Restart Policy Behavior

flowchart TB
  Start[Container Starts] --> Run[Running]
  Run -->|Process exits| Check{Exit Code}
  Check -->|0: Clean exit| No[no: Do nothing]
  Check -->|Non-zero: Error| OnFail{on-failure?}
  OnFail -->|yes| Count{Restart count < max?}
  Count -->|yes| Delay[Wait delay
100ms → 200ms → 400ms] Delay --> Start Count -->|no| Stop[Stop permanently] OnFail -->|no| Always{always / unless-stopped?} Always -->|always| Start Always -->|unless-stopped & manually stopped| ManualStop[Do not restart] Always -->|unless-stopped & daemon restart| Start

Restart Policies in Action

# No restart (default)
docker run --restart no alpine echo "one shot"

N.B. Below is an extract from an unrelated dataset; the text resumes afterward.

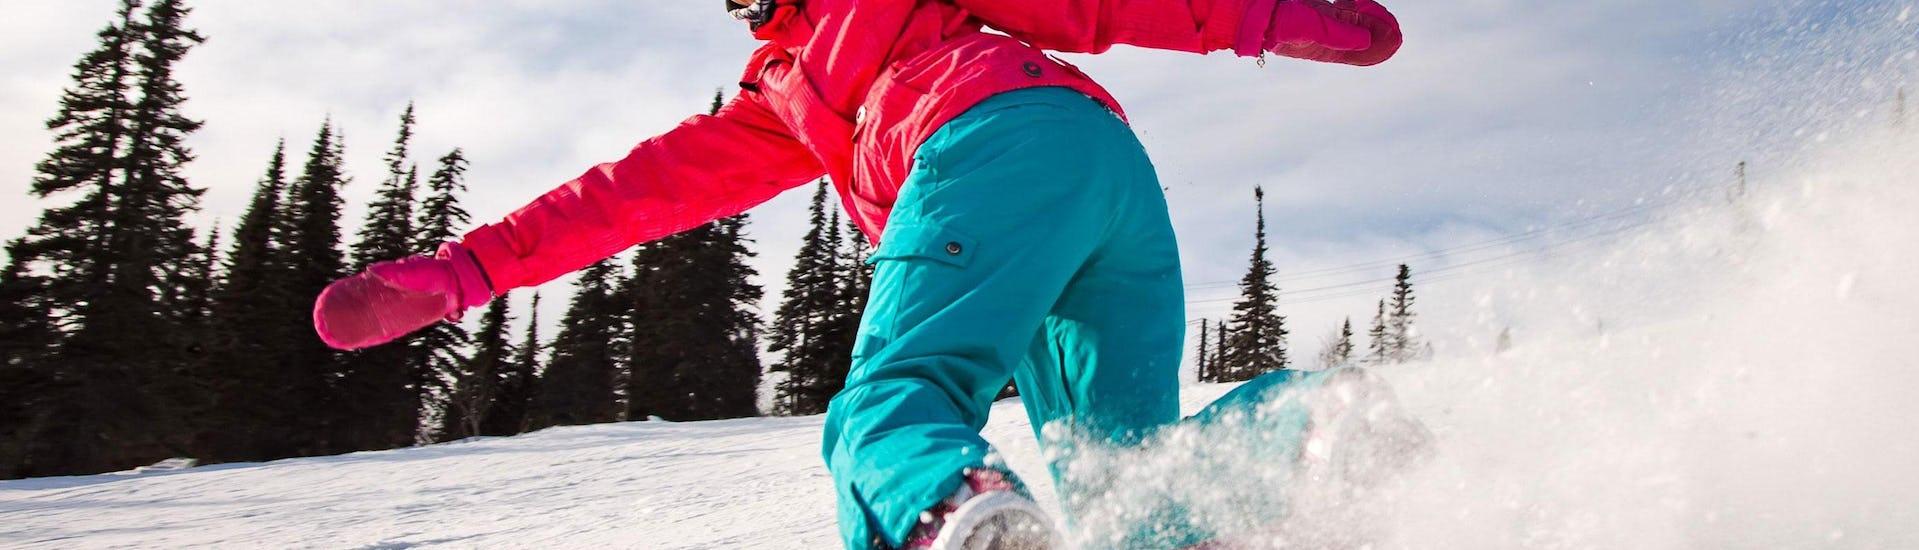 Un snowboardeur effectue un virage précis pendant son cours particulier de snowboard - chamonix - tous niveaux avec l'école de ski Freedom Snowsports.
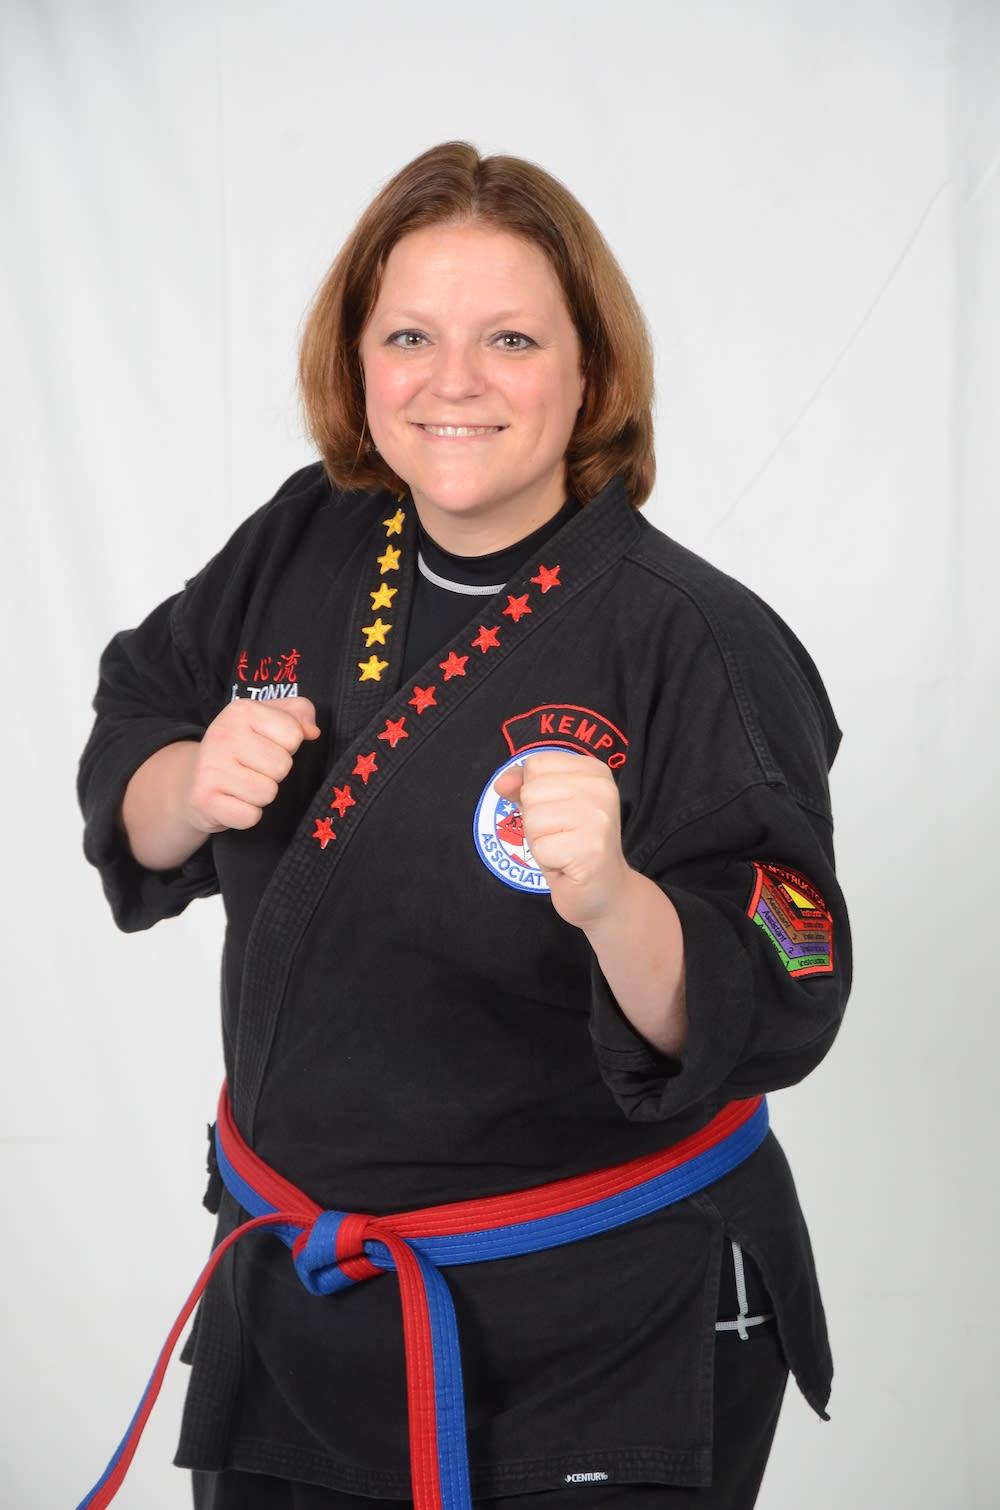 Tonya Denlinger

# Always restart (service containers)
docker run -d --name web --restart always nginx

# Restart on failure (up to 5 times)
docker run -d --name worker --restart on-failure:5 myapp

# Unless manually stopped
docker run -d --name db --restart unless-stopped postgres
import time
import docker

client = docker.from_env()

# Create a container that exits with error
container = client.containers.run(
    "alpine",
    "sh -c 'exit 1'",
    restart_policy={"Name": "on-failure", "MaximumRetryCount": 3},
    detach=True
)

# Wait and check restart count
time.sleep(3)
container.reload()
print(f"Status: {container.status}")
print(f"Restart count: {container.attrs['RestartCount']}")
container.remove(force=True)

Expected output:

Status: running
Restart count: 3

Exit code 1 triggers restart. The container restarts up to 3 times, then stops permanently.

Health Check Basics

# Single health check example
FROM node:20-alpine

HEALTHCHECK --interval=30s --timeout=3s --start-period=10s --retries=3 \
  CMD wget --no-verbose --tries=1 --spider http://localhost:3000/health || exit 1

EXPOSE 3000
CMD ["node", "server.js"]
# Check health status
docker ps --format "table {{.Names}}\t{{.Status}}"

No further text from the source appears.